# 🧑‍🏫 Lab — Benchmarking Anthropic Models for Coding Tasks

**Goals**

1. **Load** a random coding question from the *cais/hle* benchmark  
2. **Invoke** 5 Anthropic models hosted on Bedrock (up to Claude 3.7 Sonnet)  
3. **Capture & compare** latency, token usage, *reasoning chains*, and cost  
4. Discuss why larger reasoning budgets help—and what they cost


## 0. Environment Setup

Install required Python packages for AWS Bedrock, data loading, and rich output.

In [1]:
%pip install -q boto3 langchain_aws datasets pandas tabulate tqdm rich

Note: you may need to restart the kernel to use updated packages.
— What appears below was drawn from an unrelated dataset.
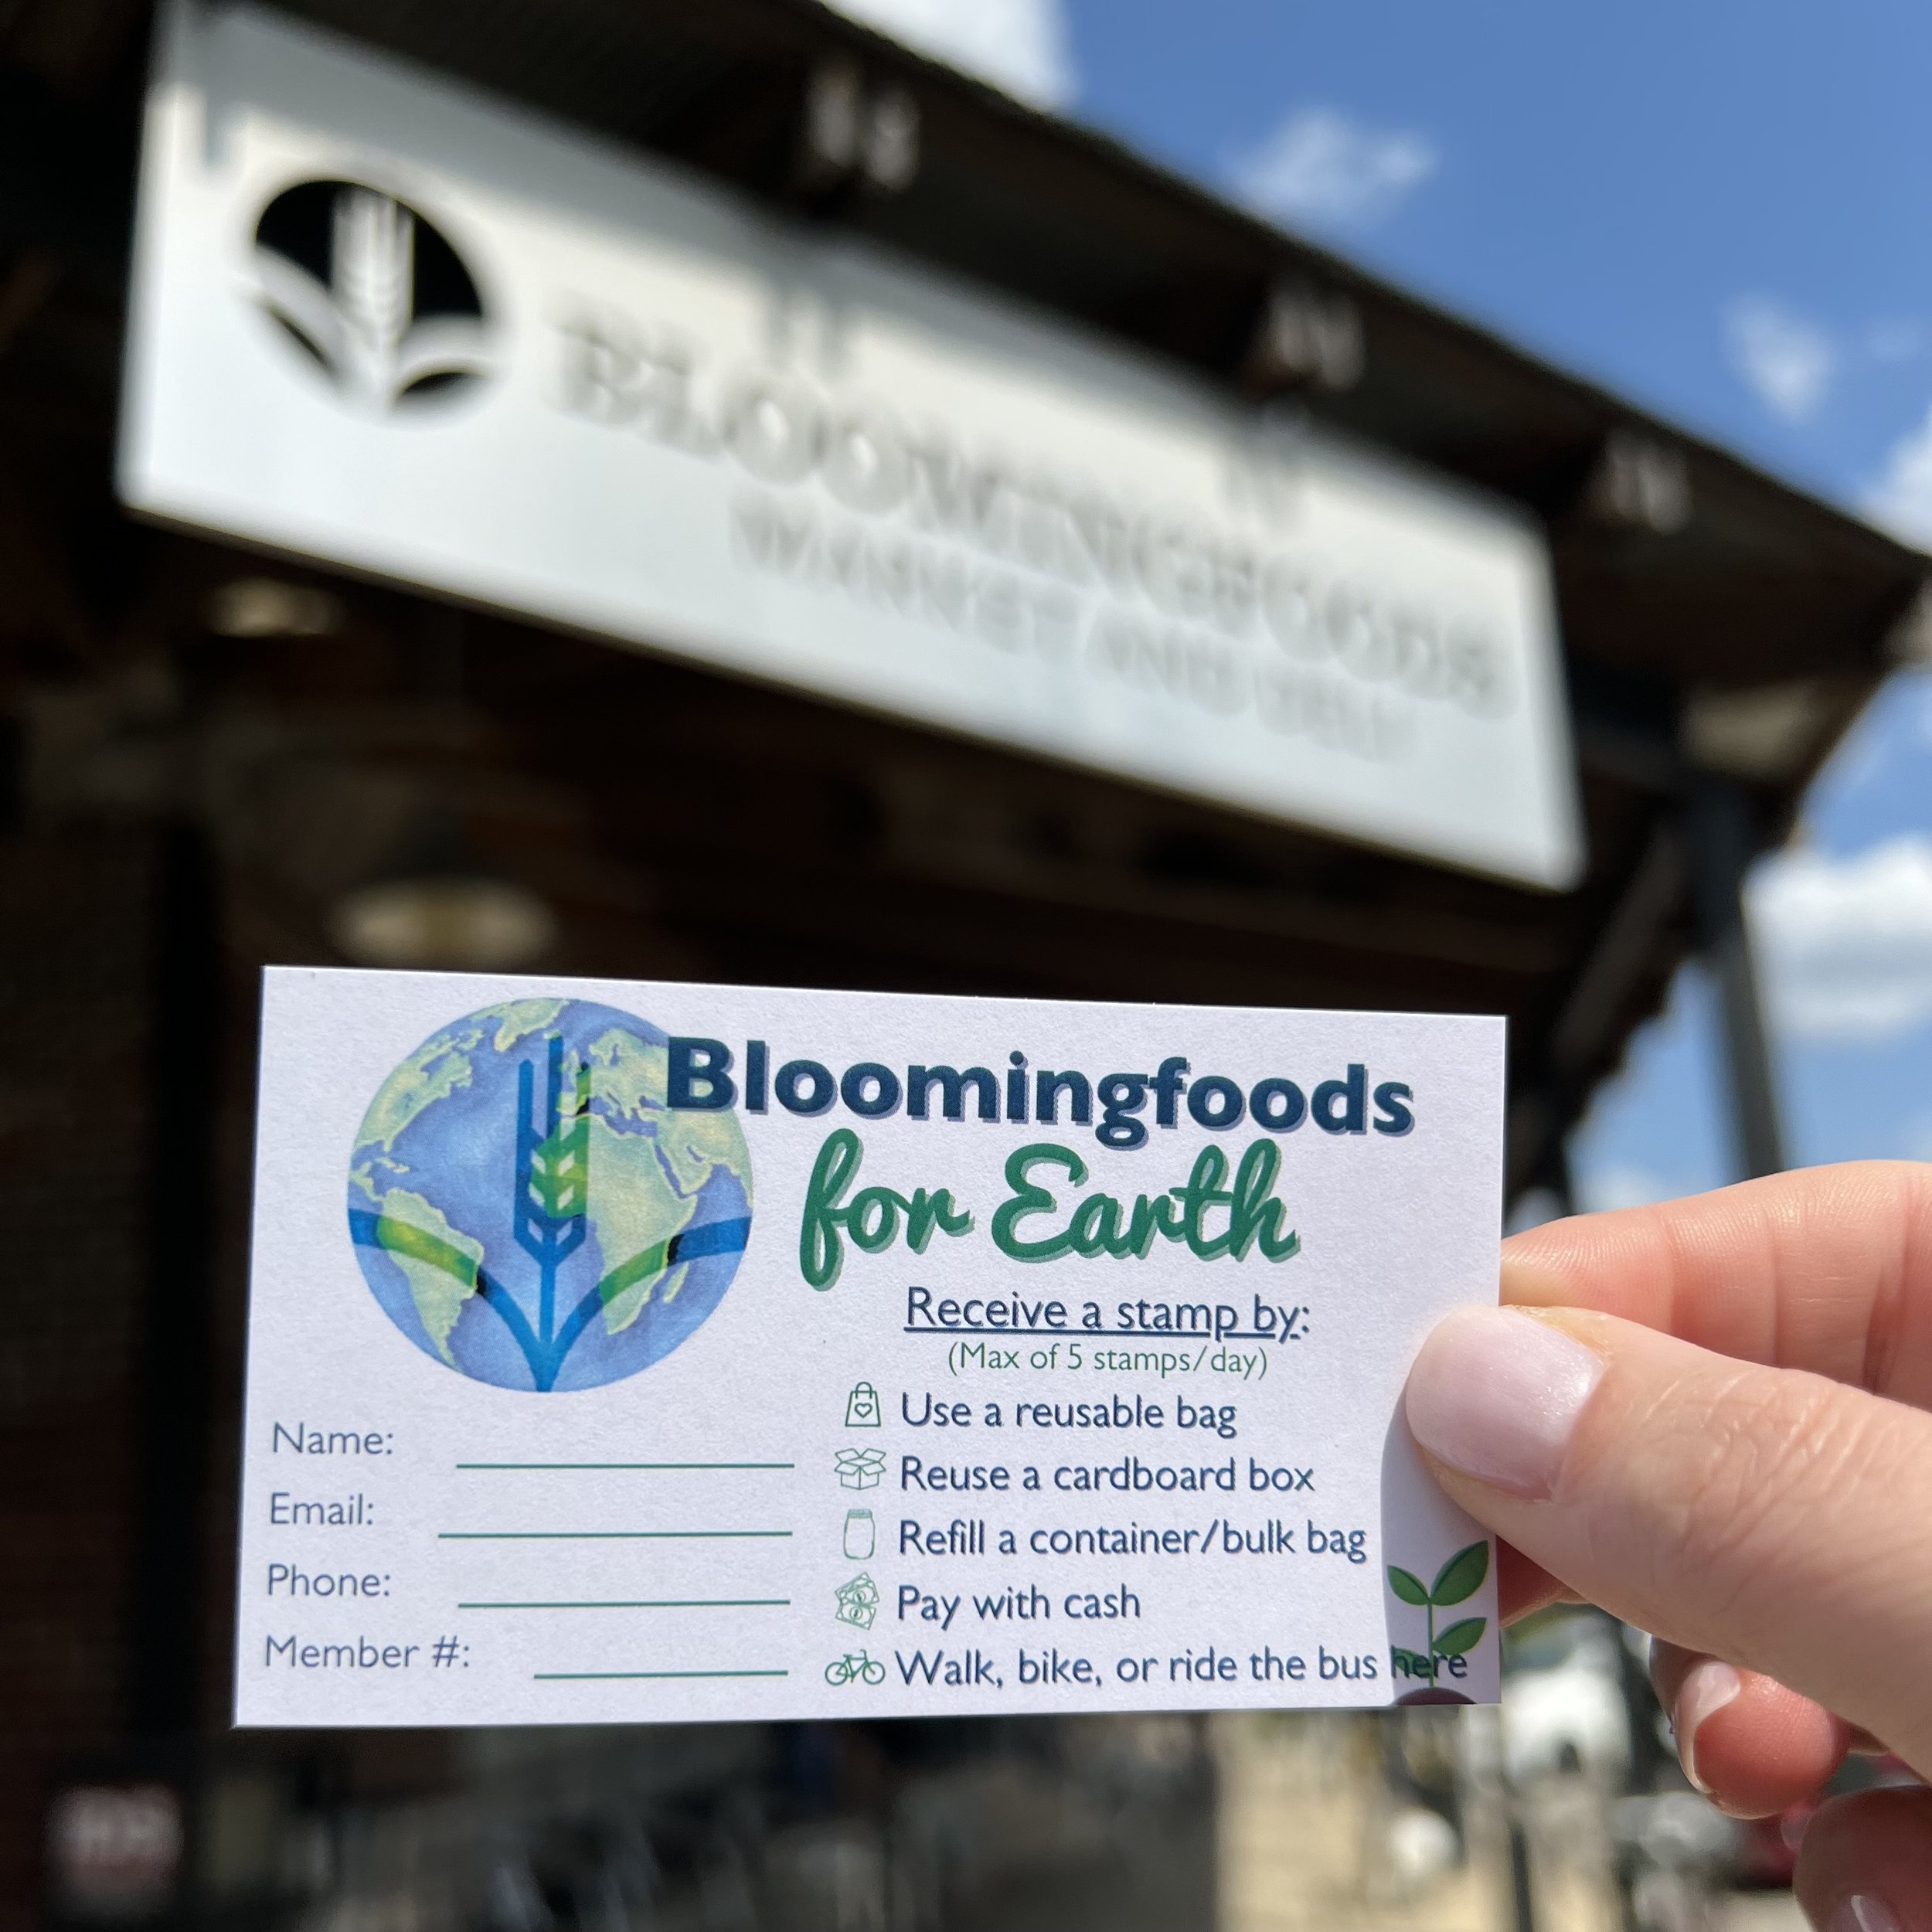 Bloomingfoods for Earth rewards card

## 1. Imports & Configuration

Below we set up logging, AWS connectivity, and a helper dataclass that
holds both **input** and **output** token prices plus an optional
`thinking` stanza (only used by Claude 3.7).


In [2]:
from __future__ import annotations

import json, logging, os
from dataclasses import dataclass, field
from datetime import datetime
from typing import Any, Dict, List

import boto3, pandas as pd
from datasets import load_dataset
from rich.console import Console
from rich.table import Table
from tabulate import tabulate

# logging & AWS
logging.basicConfig(level=logging.INFO,
                    format="%(asctime)s [%(levelname)s] %(name)s: %(message)s")
log, console = logging.getLogger("bedrock_benchmark"), Console()

REGION = os.getenv("AWS_REGION", "us-east-1")
BEDROCK = boto3.client("bedrock-runtime", region_name=REGION)
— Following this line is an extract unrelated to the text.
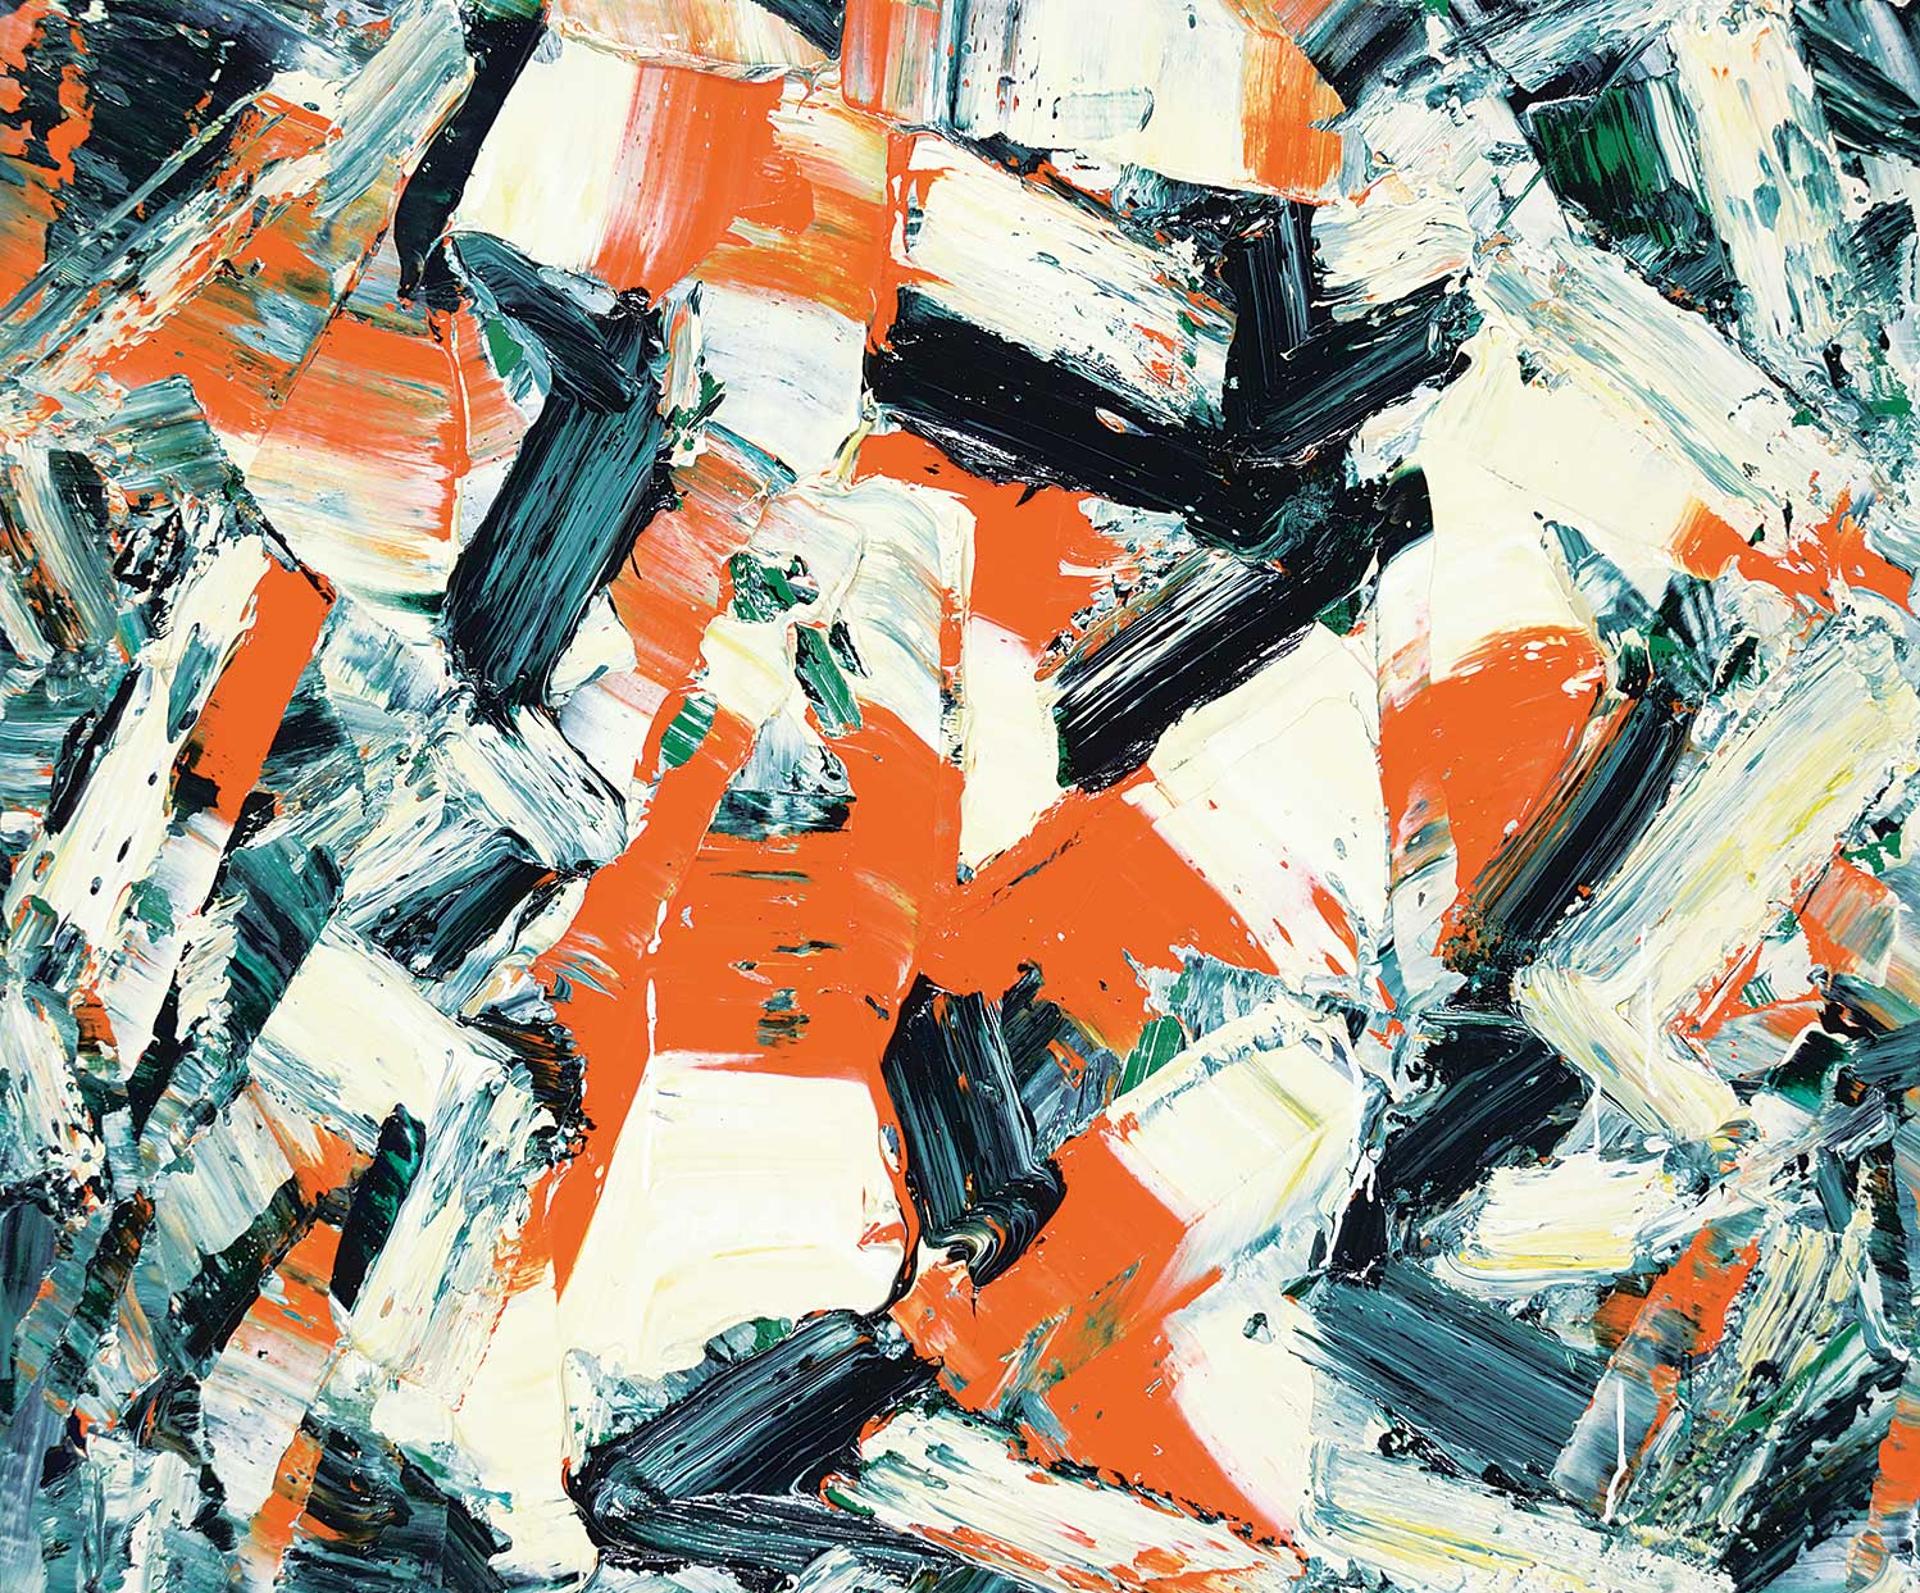 Chris S. Flodberg - Fluctuating Space, Orange, Black and White

2025-04-23 11:10:57,818 [INFO] botocore.credentials: Found credentials in shared credentials file: ~/.aws/credentials


In [3]:
# ─── Dataclass ----------------------------------------------------------------
@dataclass
class ModelConfig:
    key: str
    name: str
    model_id: str
    max_tokens: int = 10_000
    temperature: float = 1.0
    thinking: Dict[str, Any] = field(default_factory=dict)

    # pricing (USD per million tokens)
    price_in_per_1M: float = 0.0
    price_out_per_1M: float = 0.0

    # helpers
    @property
    def rates(self) -> tuple[float, float]:
        """Return $ cost *per single token* (input, output)."""
        return (self.price_in_per_1M / 1_000_000, self.price_out_per_1M / 1_000_000)


## 2. Model Catalogue & Cost Reference
We define our six evaluation configurations, along with approximate cost per 1M tokens.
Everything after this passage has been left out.